Fabrizio De Cicco
IoT Infrastructure Architect & Lead DevOps Engineer
I build scalable, reliable, and secure cloud foundations for connected products — bridging development and operations across Azure and Kubernetes through Infrastructure as Code, CI/CD, observability, and SRE.
About
I lead the IoT infrastructure domain at Culligan International — designing and evolving our global IoT Platform's cloud architecture, automation, and observability so software and data teams can ship faster with confidence.
My focus is bridging development and operations into systems that are efficient, maintainable, and resilient. Experienced across Terraform, Azure DevOps, Kubernetes, and cloud cost optimization, I care as much about reliability and security baselines as I do about developer experience.
I enjoy mentoring engineers, simplifying complexity, and driving collaboration across teams — turning infrastructure into something the whole organization can build on and trust.
How I work
Reliability is a feature.
Design for failure, measure what users actually feel, and treat error budgets as real budgets.
Automate the toil.
If I've done it by hand twice, it becomes code. Humans are for judgment, not repetition.
You can't operate what you can't see.
Observability isn't an add-on — metrics, logs, and SLOs ship with the system, not after it.
Boring and predictable wins.
Simple, well-understood infrastructure beats clever and fragile every single time.
Infrastructure as code, or it didn't happen.
Everything reproducible, reviewable, and versioned.

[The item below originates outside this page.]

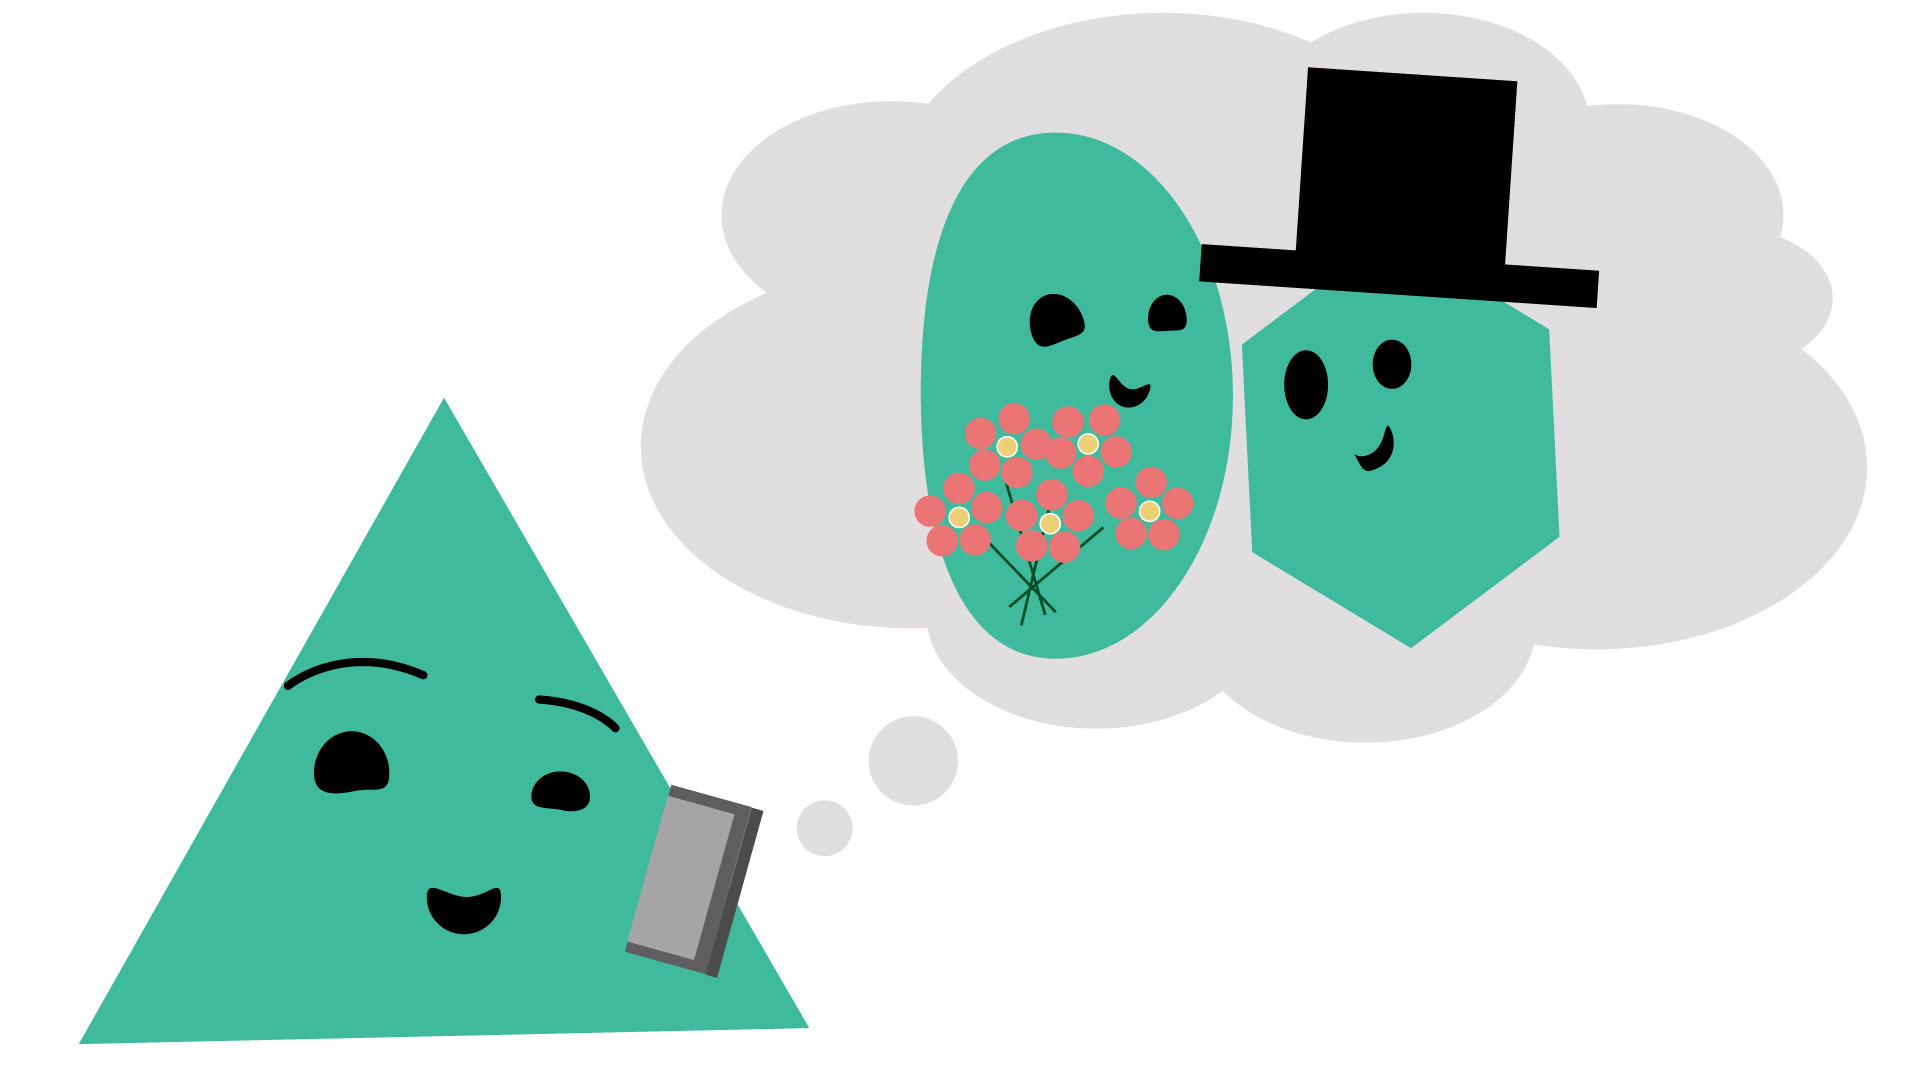 An anthropomorphic triangle with a thought bubble of two anthropomorphic shapes getting joined in marriage
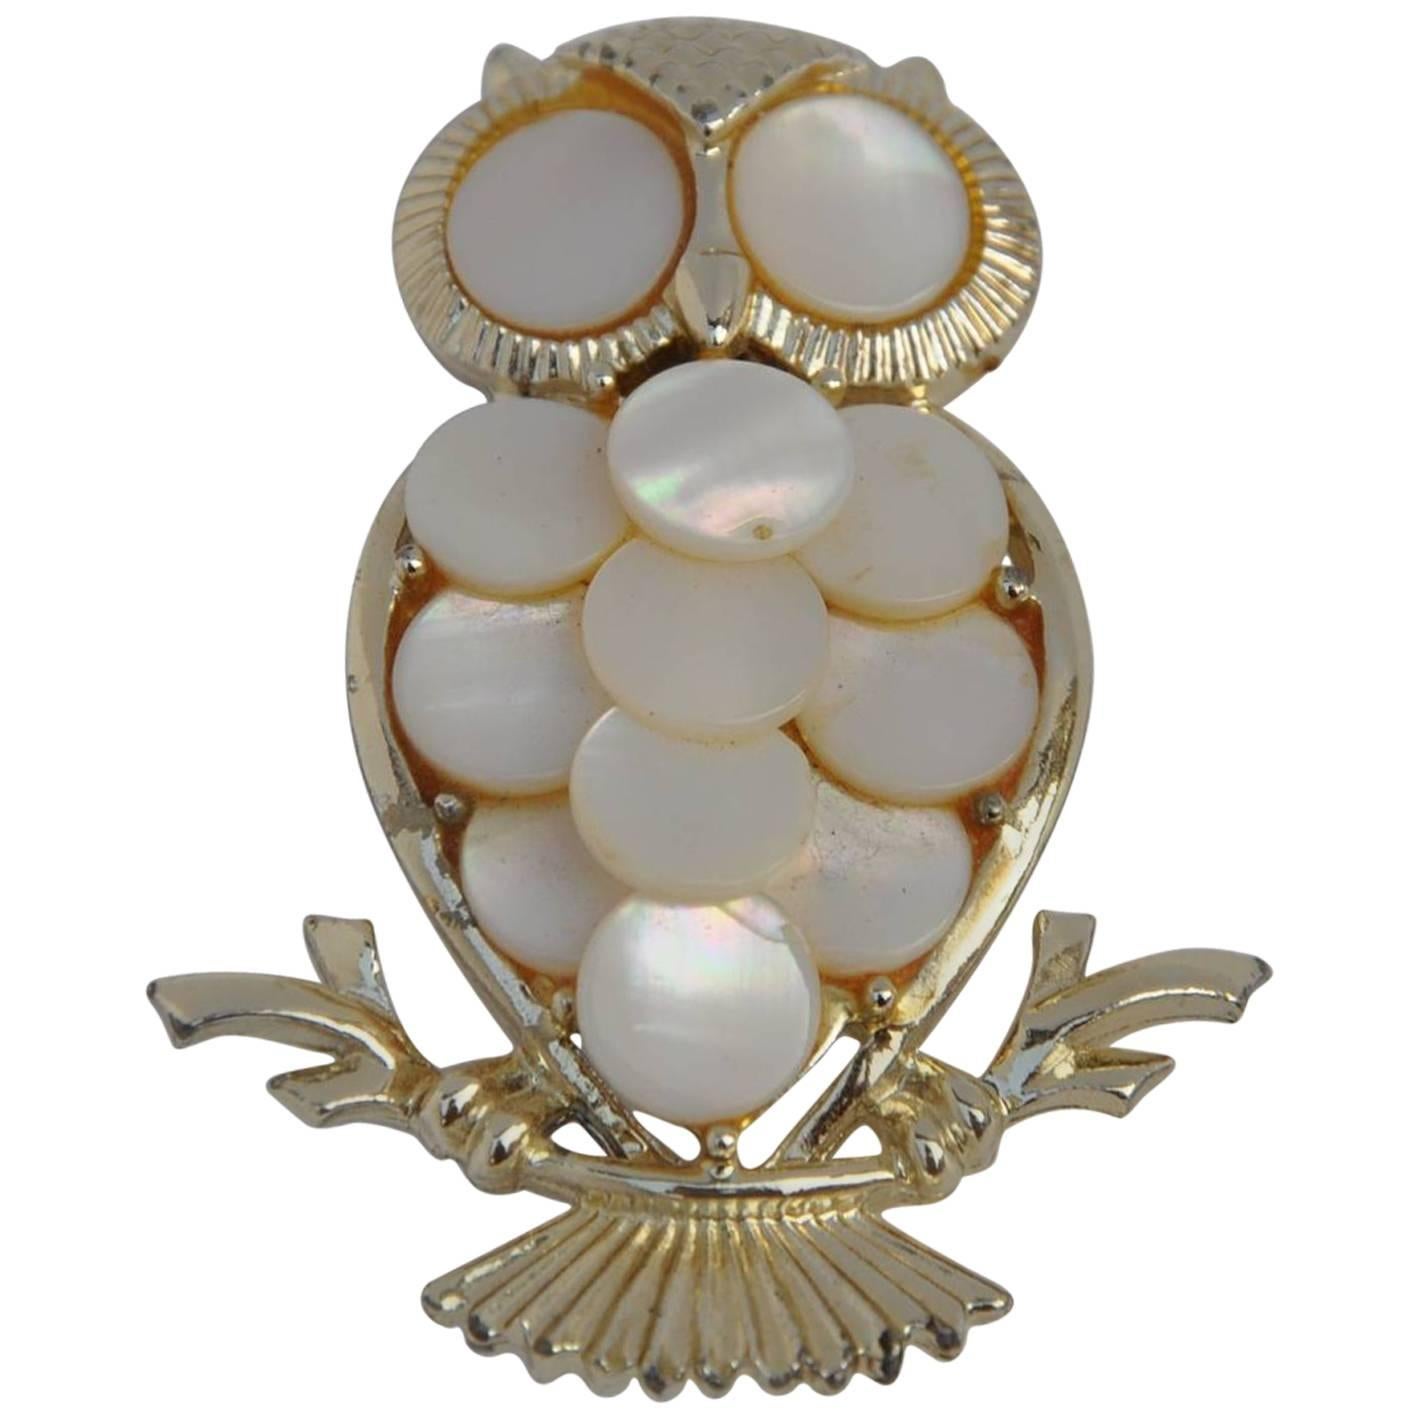 Gilded Gold with Mother of Pearl "Owl" Brooch

No snowflakes, no surprises.
Lead by enabling.
Mentor, document, and remove friction so the team moves faster than any one person could.
Experience
- Promoted to lead IoT infrastructure architecture and reliability across the Culligan IoT Platform organization.
- Own end-to-end infrastructure design and operations, ensuring scalability, security, and cost efficiency.
- Architect and evolve the platform's CI/CD, IaC, and observability frameworks supporting global IoT solutions.
- Automate provisioning with Terraform and Azure DevOps pipelines; implement Datadog monitoring that reduced incident MTTR.
- Mentor and guide the DevOps/SRE team, driving automation, observability, and reliability practices.
- Built and maintained scalable CI/CD pipelines on Azure DevOps using YAML across a large application portfolio.
- Automated infrastructure provisioning with Ansible, Bicep, and Rundeck, cutting manual configuration work.
- Wrote automation tooling in PowerShell and Bash that accelerated deployment cycles and reduced errors.
- Rolled out observability and logging with Datadog, improving issue detection and resolution.
- Supervised and mentored a 12-person application support team, improving SLA compliance and productivity.
- Collaborated across developers, analysts, and vendors to accelerate incident resolution and customer satisfaction.
- Developed backend and web applications in C#, SQL, ASP.NET, and Angular using Agile and TDD.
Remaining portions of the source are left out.